Turkey’s Bold SAF Mandate: A New Horizon for Green Fuel Investment
Turkey has unveiled an ambitious regulatory framework that will compel its aviation sector and jet fuel providers to achieve a 5% reduction in emissions by 2030, with sustainable aviation fuel (SAF) at the core of this transformation. This decisive move positions Turkey as a significant player in the global push for decarbonized air travel, creating both challenges and lucrative opportunities for oil and gas investors.
The mandate, issued by the nation’s civil aviation authority, signals a profound shift for domestic refiners like Tupras and Socar, who are now legally obligated to commence SAF production. Non-compliance will trigger financial penalties, underscoring the seriousness of this environmental commitment.

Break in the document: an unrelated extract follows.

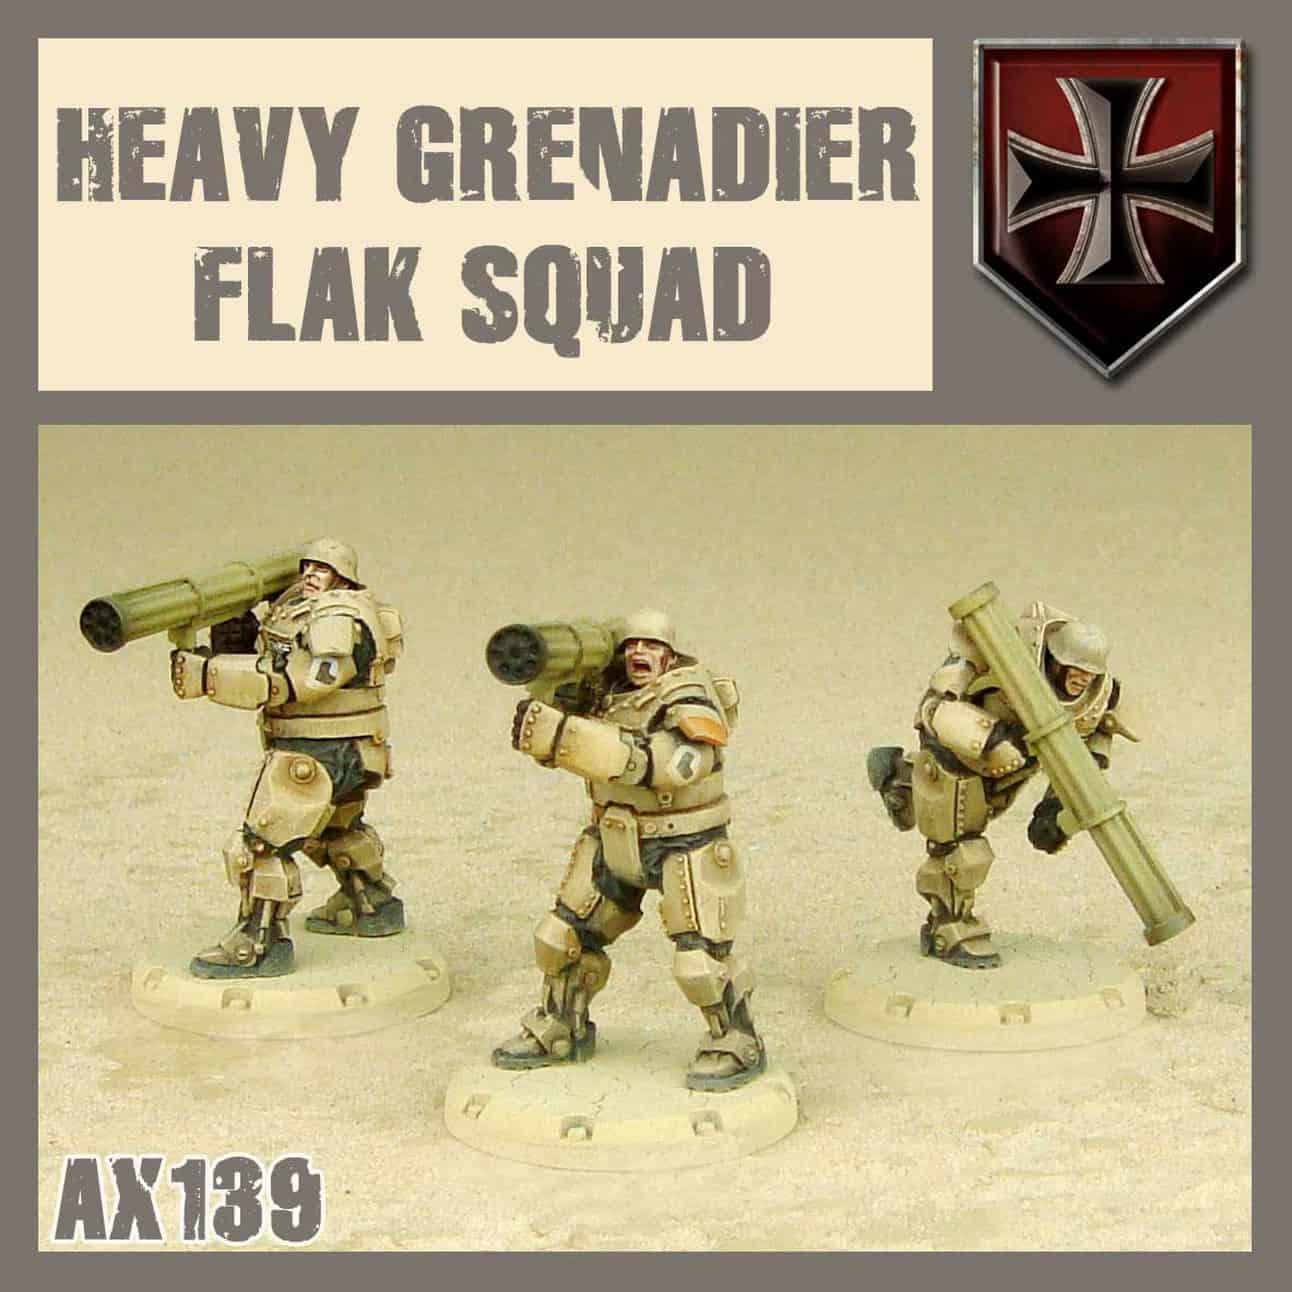 HEAVY GRENADIER FLAK SQUAD

Furthermore, airlines operating international routes touching Turkish airspace must uplift a minimum of 90% of their required SAF volume within Turkey, ensuring local market absorption and fostering indigenous production capabilities.
Regulatory Impetus and Global Alignment
Turkey’s new SAF requirements are not an isolated initiative; they are strategically aligned with the United Nations International Civil Aviation Organization’s (ICAO) Carbon Offsetting and Reduction Scheme for International Aviation (CORSIA), which becomes globally compulsory in 2027. By implementing these measures ahead of the ICAO deadline, Turkey demonstrates proactive leadership in aviation decarbonization, setting a clear trajectory for its energy sector.

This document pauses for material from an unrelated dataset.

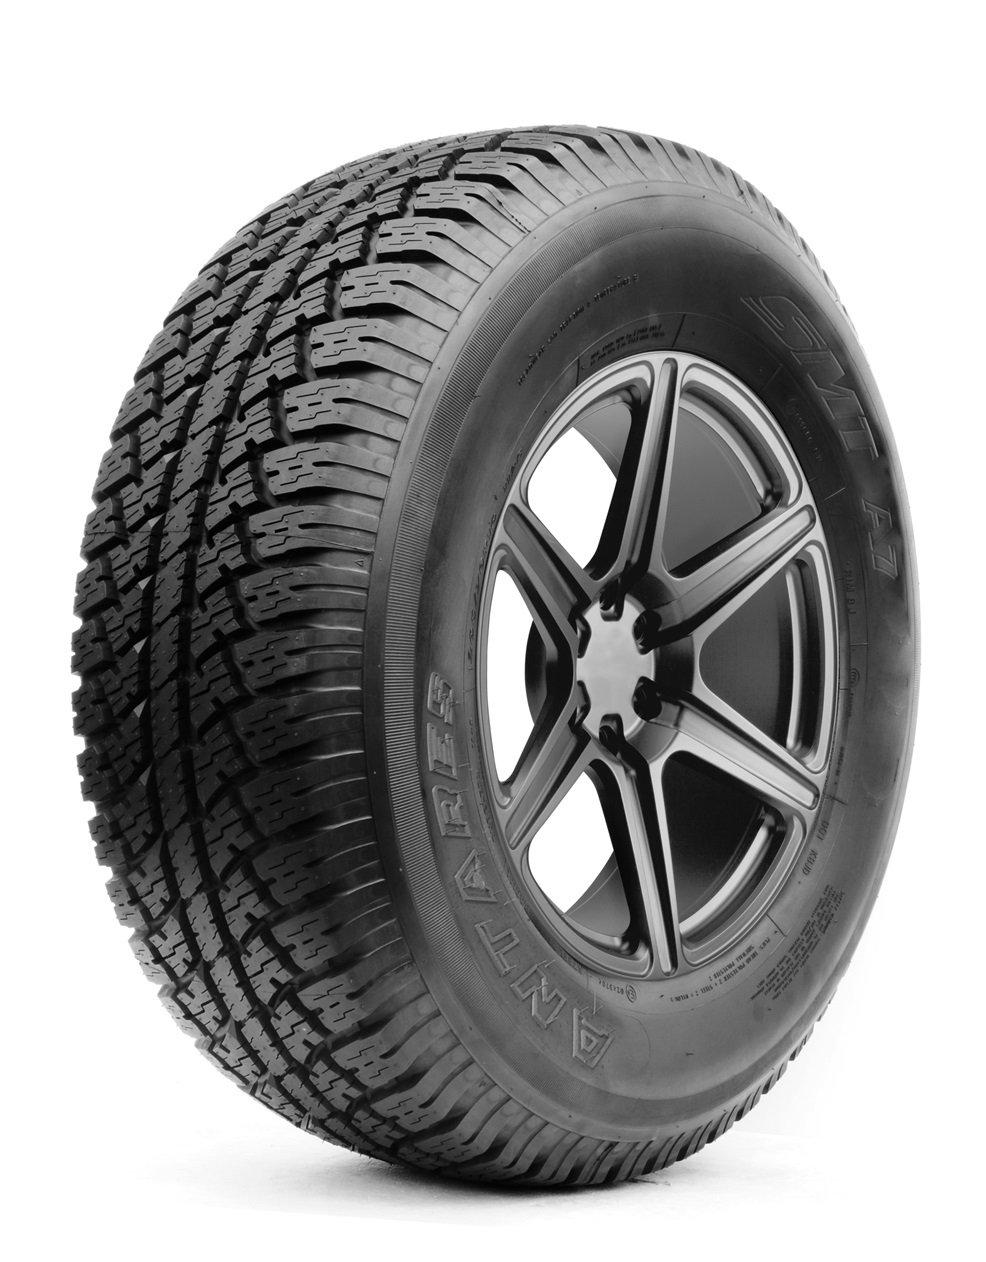 Antares SMT A7 All- Season Radial Tire-265/70R17 115S

Under the recently announced directives, all airlines conducting international flights that involve Turkish airports must source and utilize sufficient SAF to meet the specified 5% emissions reduction target. Concurrently, jet fuel suppliers operating within Turkey face a mandate to procure and distribute these green fuels, necessitating significant adjustments to their supply chains and infrastructure. The regulatory body has also affirmed that specific minimum emission reduction targets will be published annually before the end of the third quarter, providing a clear roadmap and accountability mechanism for all stakeholders.
Refiners on the Hook: Tupras and Socar Lead Production Drive
At the heart of Turkey’s SAF strategy lies the imperative for domestic refining giants Tupras and Socar to spearhead production. Tupras, recognized as Turkey’s largest oil refiner, has already articulated concrete plans to meet these emerging demands. The company has committed to an initial production target of 20,000 metric tons of SAF by 2026 from one of its primary facilities. This initial phase is merely a stepping stone, as Tupras envisions a dramatic scale-up to 400,000 tons through the construction of a new dedicated unit at its Izmir refinery, contingent upon a favorable final investment decision (FID).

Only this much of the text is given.